FIG. 1 is an axial sectional view of an automotive alternator according to an embodiment of the present invention.

FIG. 2 is an enlarged view of a main part of an axial cross-sectional view of a rotor of the automotive alternator according to the embodiment.

FIG. 3 is an enlarged view of a main part of the rotor of the vehicle alternator according to the embodiment as viewed in the axial direction.

FIG. 4 is a partial perspective view showing a flow of cooling air near a rotor according to the embodiment.

FIG. 5 is a characteristic diagram showing the effect of the present invention.

FIG. 6 is a diagram showing corresponding portions of dimensions A, B, and L.

FIG. 7 is a characteristic diagram showing the effect of the present invention.

FIG. 8 is a diagram showing the flow of magnetic flux in a magnetic circuit.

FIG. 9 is a diagram showing an equivalent circuit of a magnetic circuit.

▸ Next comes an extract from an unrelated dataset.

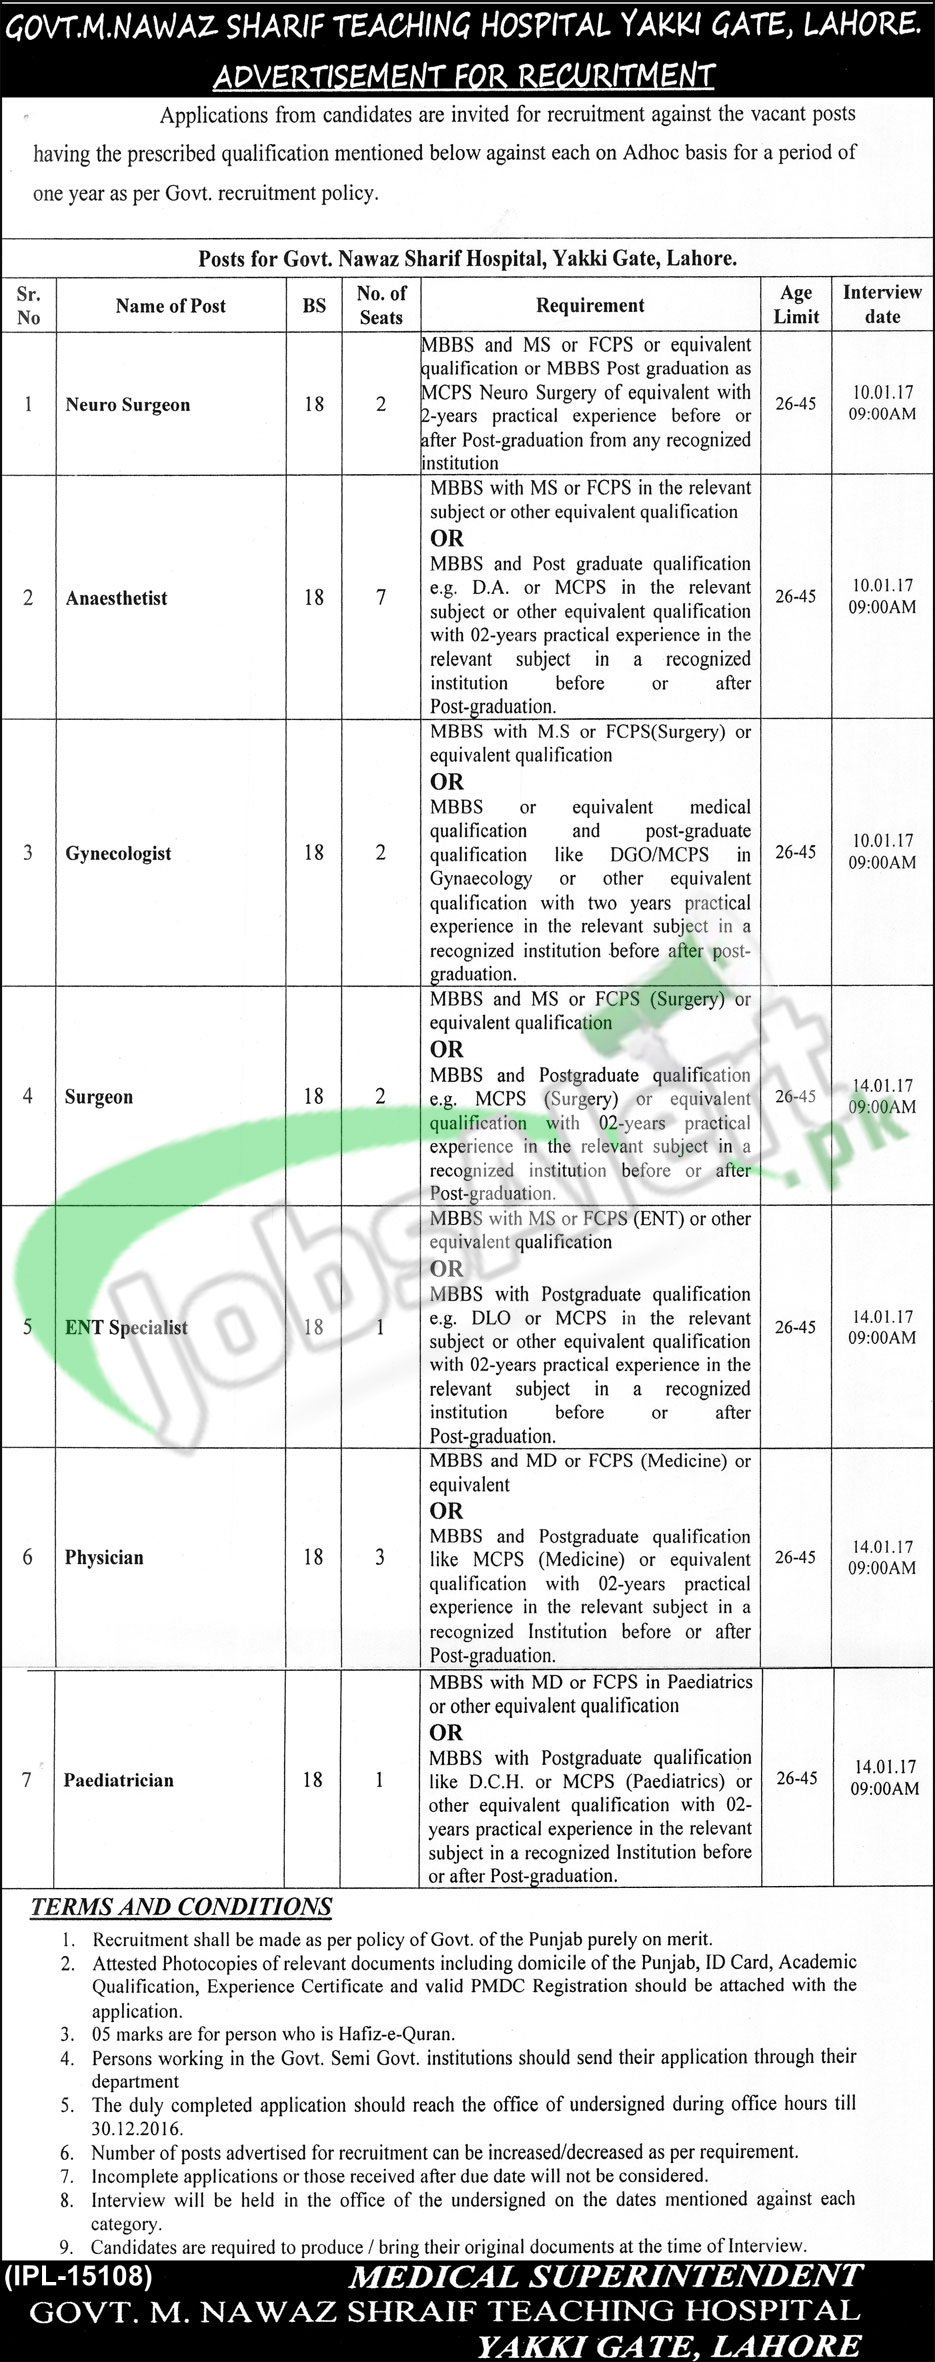 Govt M. Nawaz Sharif Teaching Hospital Lahore Jobs

FIG. 10 is a characteristic diagram showing the effect of the present invention.

[Explanation of symbols]

 DESCRIPTION OF SYMBOLS 1 Rotor 2 Field coil 3 Landel type iron core 3a Cylindrical part 3b Yoke part 3c Claw-shaped magnetic pole part 4 Insulating member 5 Shaft 6,7 Cooling fan 8,9 Frame 10 Stator

 ──────────────────────────────────────────────────続 き Continuing on the front page (72) Inventor Shigenobu Nakamura 1-1-1, Showa-cho, Kariya-shi, Aichi F-term in DENSO Corporation (Reference) 5H002 AA00 AB08 AC06 AD04 AE07 5H609 BB05 BB13 BB18 PP02 PP07 PP09 QQ02 QQ12 QQ13 RR03 RR16 RR18 RR22 RR24 RR27 RR38 RR44 RR69 RR73 5H619 AA05 AA11 BB06 BB18 PP02 PP05 PP25

Claims (5)

[Claims] A cylindrical portion having a field coil wound around the outer periphery thereof; a substantially disk-shaped yoke portion provided at an axial end of the cylindrical portion; and a shaft extending from an outer periphery of the yoke portion. A claw-shaped core having a plurality of claw-shaped magnetic pole portions extending so as to surround the field coil, and means for ventilating an outer peripheral surface of the field coil; In the rotor of the automotive alternator in which the outermost diameter of the field coil is set to be larger than the root diameter of the bent portion of the portion, the axial length A of the field coil and the root of the claw-shaped magnetic pole portion The ratio of the circumferential width B of the portion (A / B) is 1 to 1.6. 2. The Landel-shaped iron core according to claim 1, wherein the pair of claw-shaped magnetic pole portions are arranged so that the pair of claw-shaped magnetic pole portions face each other in the axial direction, and the claw tip of one of the claw-shaped magnetic pole portions faces each other. A rotor for an automotive alternator, wherein the rotor extends in an axial direction from an inner wall surface of the yoke portion of the iron core. 3. The cooling fan according to claim 1, wherein the ventilation means is provided at an axial end of the Landel type iron core and has a mixed flow blade inclined forward in the rotation direction with respect to the axial direction. A rotor for a vehicular alternator, characterized in that: 4. The cooling fan according to claim 1, wherein the ventilation means is a cooling fan provided on both sides of an axial end portion of the rundle-type core and having centrifugal blades extending in the axial direction. A rotor for a vehicular alternator, wherein a difference is generated in generated pressure. 5. The ratio (A / B) of the axial length A of the field coil to the circumferential width B of a root portion of the claw-shaped magnetic pole portion is set to 1. A rotor for an automotive alternator, wherein the rotor number is 2 to 1.4.